# What you'll need:
→ Eggs and Dairy
01 - 8 large eggs
02 - 1/4 cup milk (dairy or non-dairy)
03 - 1/2 teaspoon salt
04 - 1/4 teaspoon black pepper
→ Vegetables
05 - 1/2 cup diced bell peppers (red, yellow, or green)
06 - 1/2 cup chopped fresh spinach
07 - 1/4 cup diced red onion
08 - 1/2 cup halved cherry tomatoes
→ Cheese
09 - 3/4 cup shredded cheddar cheese (or feta, mozzarella, or Swiss)
→ Optional Mix-Ins
10 - 1/4 cup cooked, crumbled bacon or sausage (omit for vegetarian)
11 - 2 tablespoons chopped fresh herbs (parsley, chives, or basil)
12 - 1/4 teaspoon red pepper flakes
# Method:
01 - Preheat the oven to 350°F. Grease a 12-cup muffin tin with nonstick spray or line with silicone muffin liners.
02 - In a large bowl, whisk the eggs, milk, salt, and black pepper until fully blended and slightly frothy.

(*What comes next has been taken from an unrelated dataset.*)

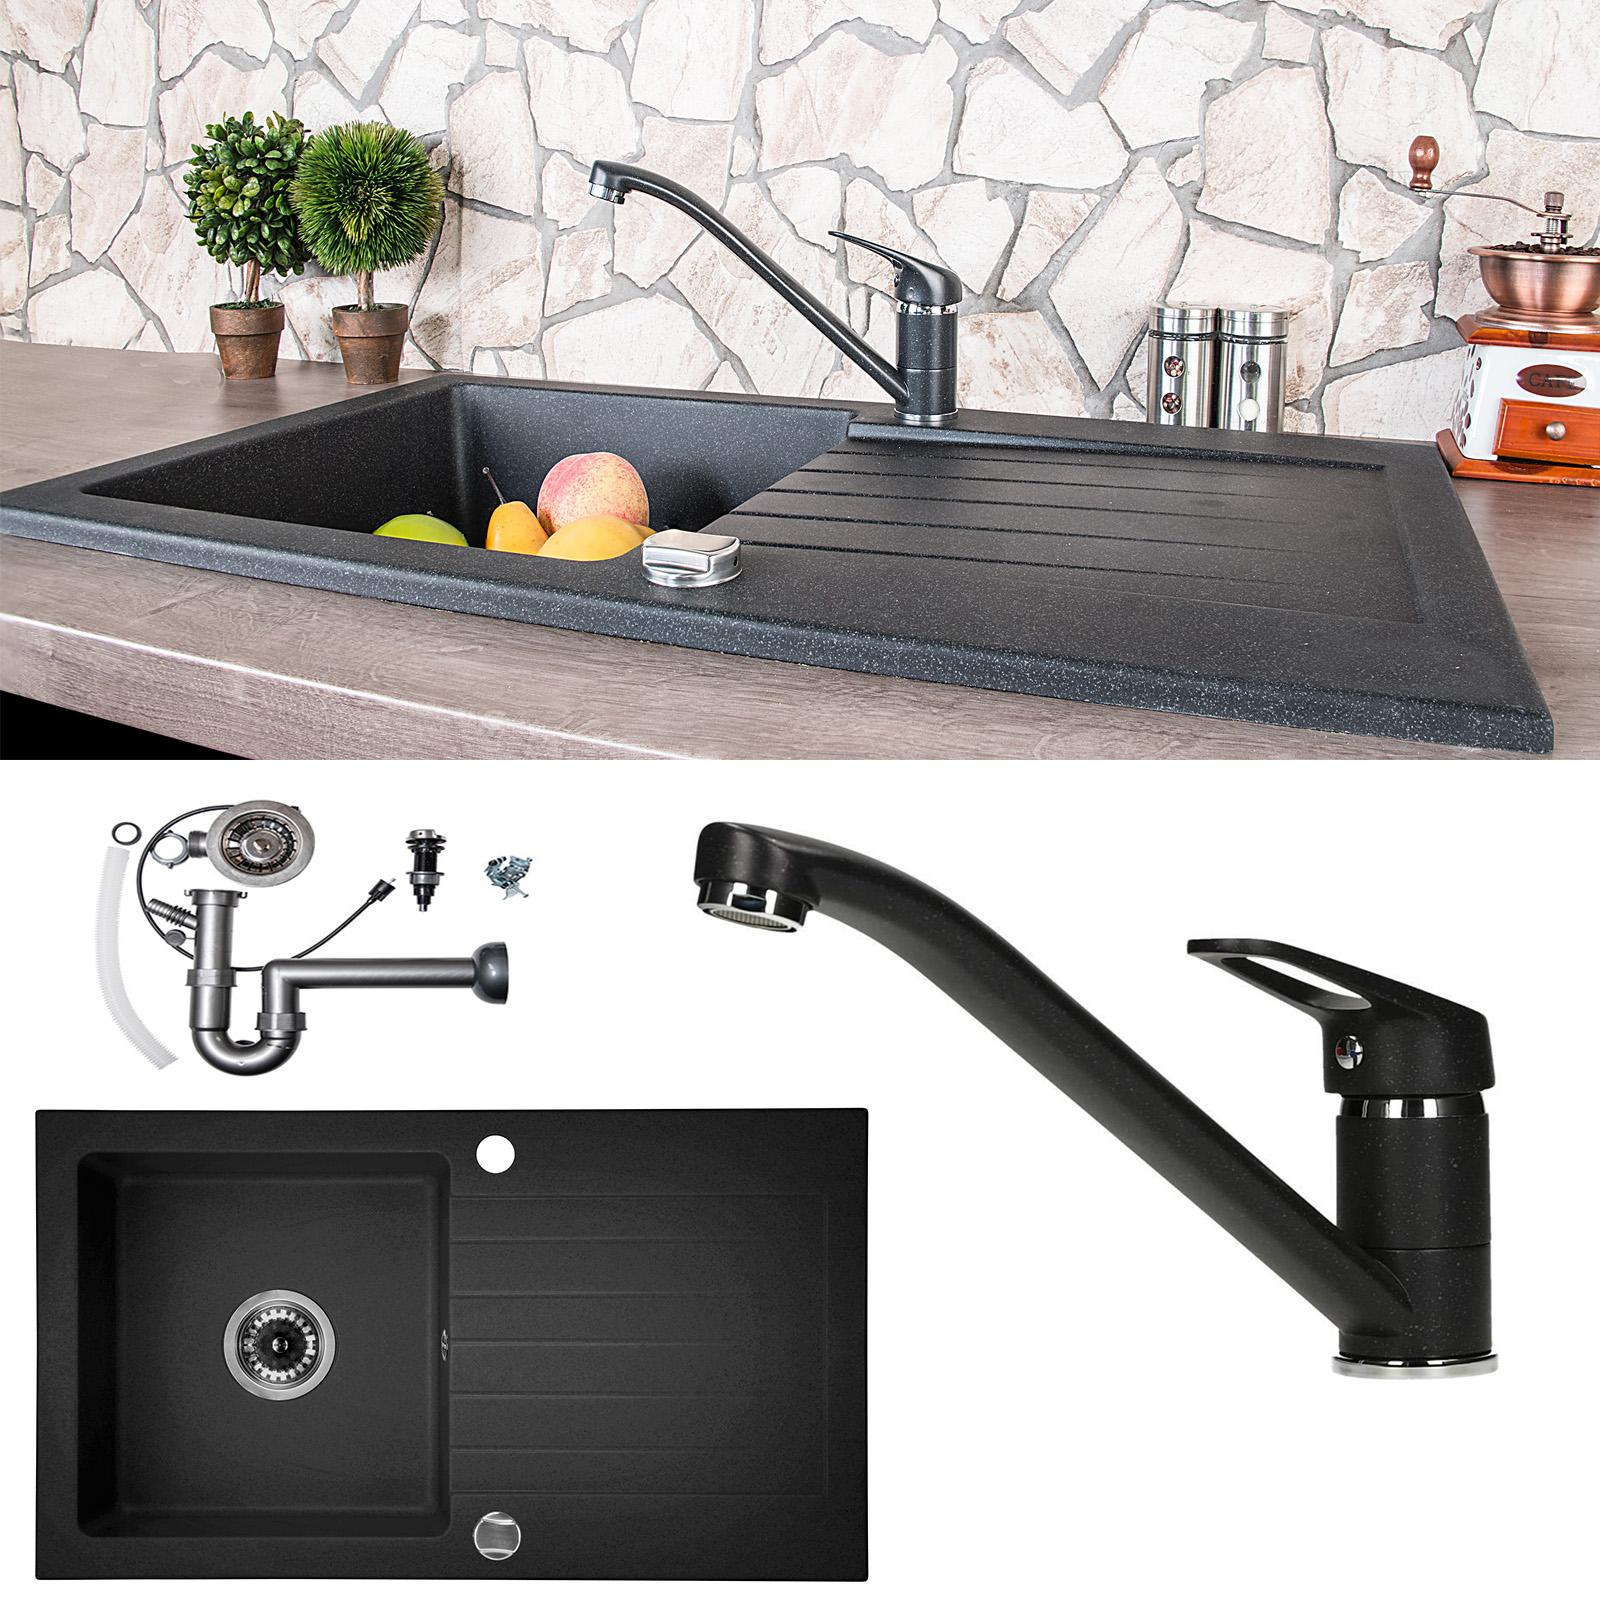 Ungewöhnlich Küchenspüle Armatur Ideen Ideen Für Die Küche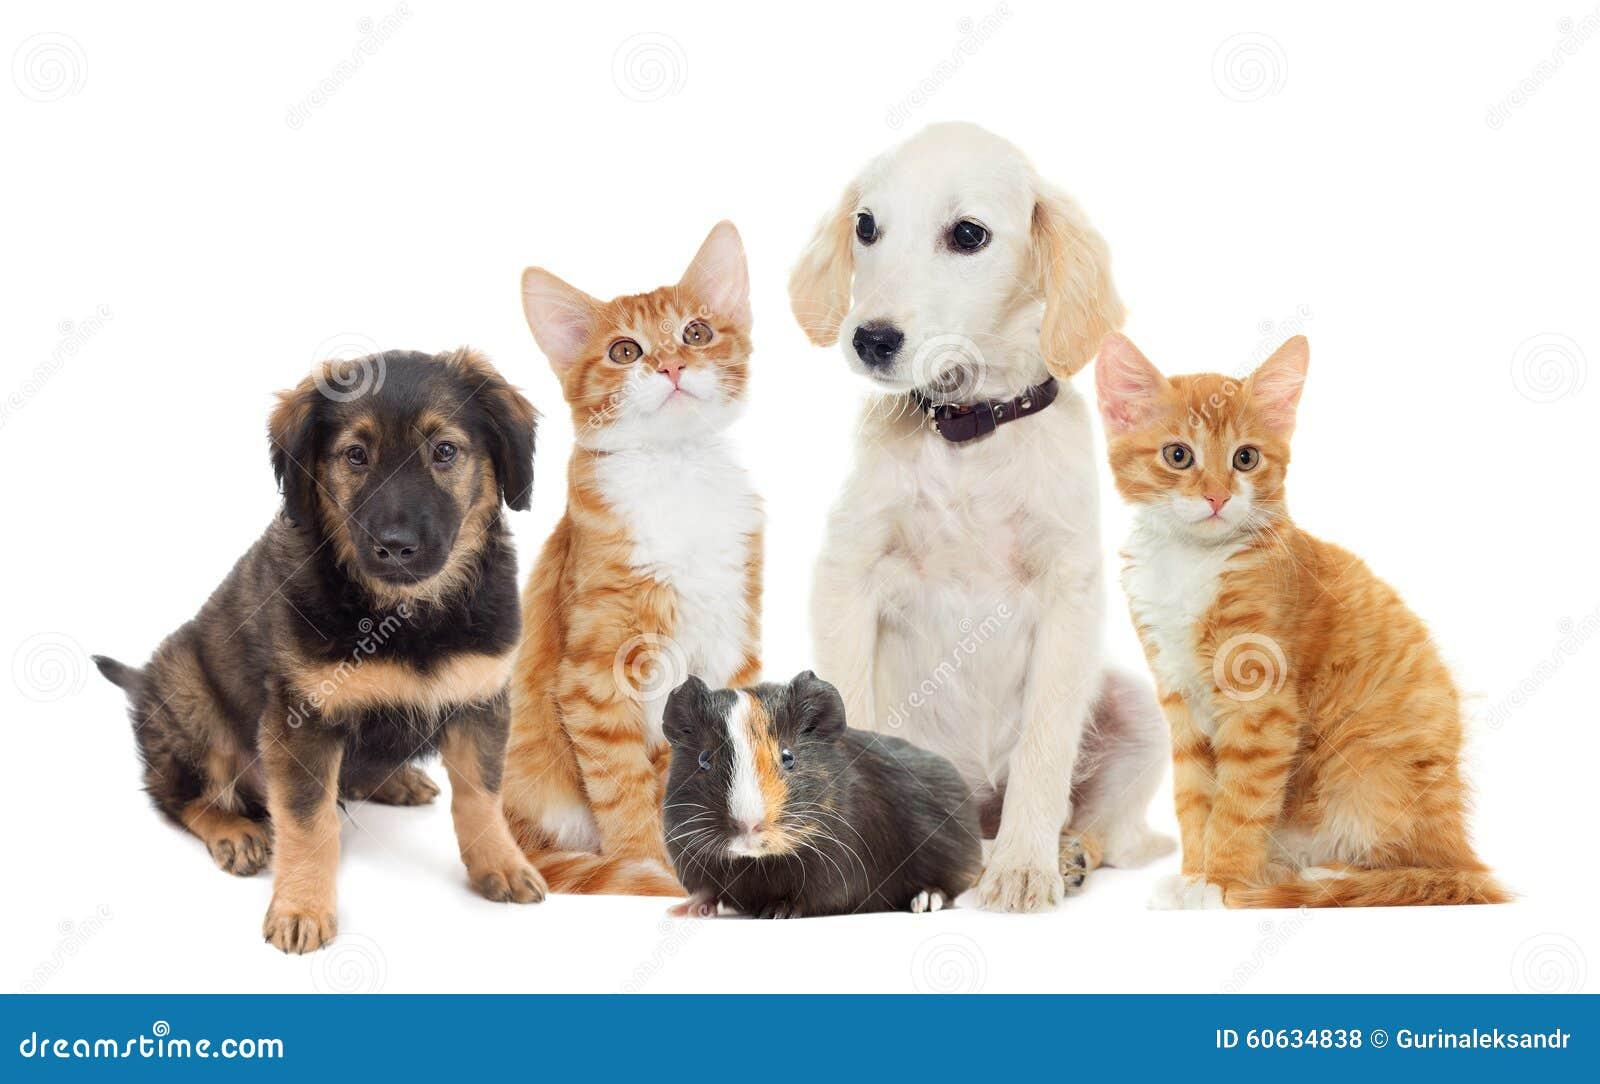 Ställ in husdjur

03 - Add diced bell peppers, spinach, red onion, cherry tomatoes, cheese, and any optional mix-ins to the egg mixture. Stir gently to combine evenly.
04 - Divide the mixture evenly among the 12 muffin cavities, filling each approximately three-quarters full.
05 - Bake for 18 to 22 minutes, until the egg muffins are set in the center and lightly golden on top.
06 - Let the muffins cool in the pan for 5 minutes before removing. Serve warm or cool completely prior to storage.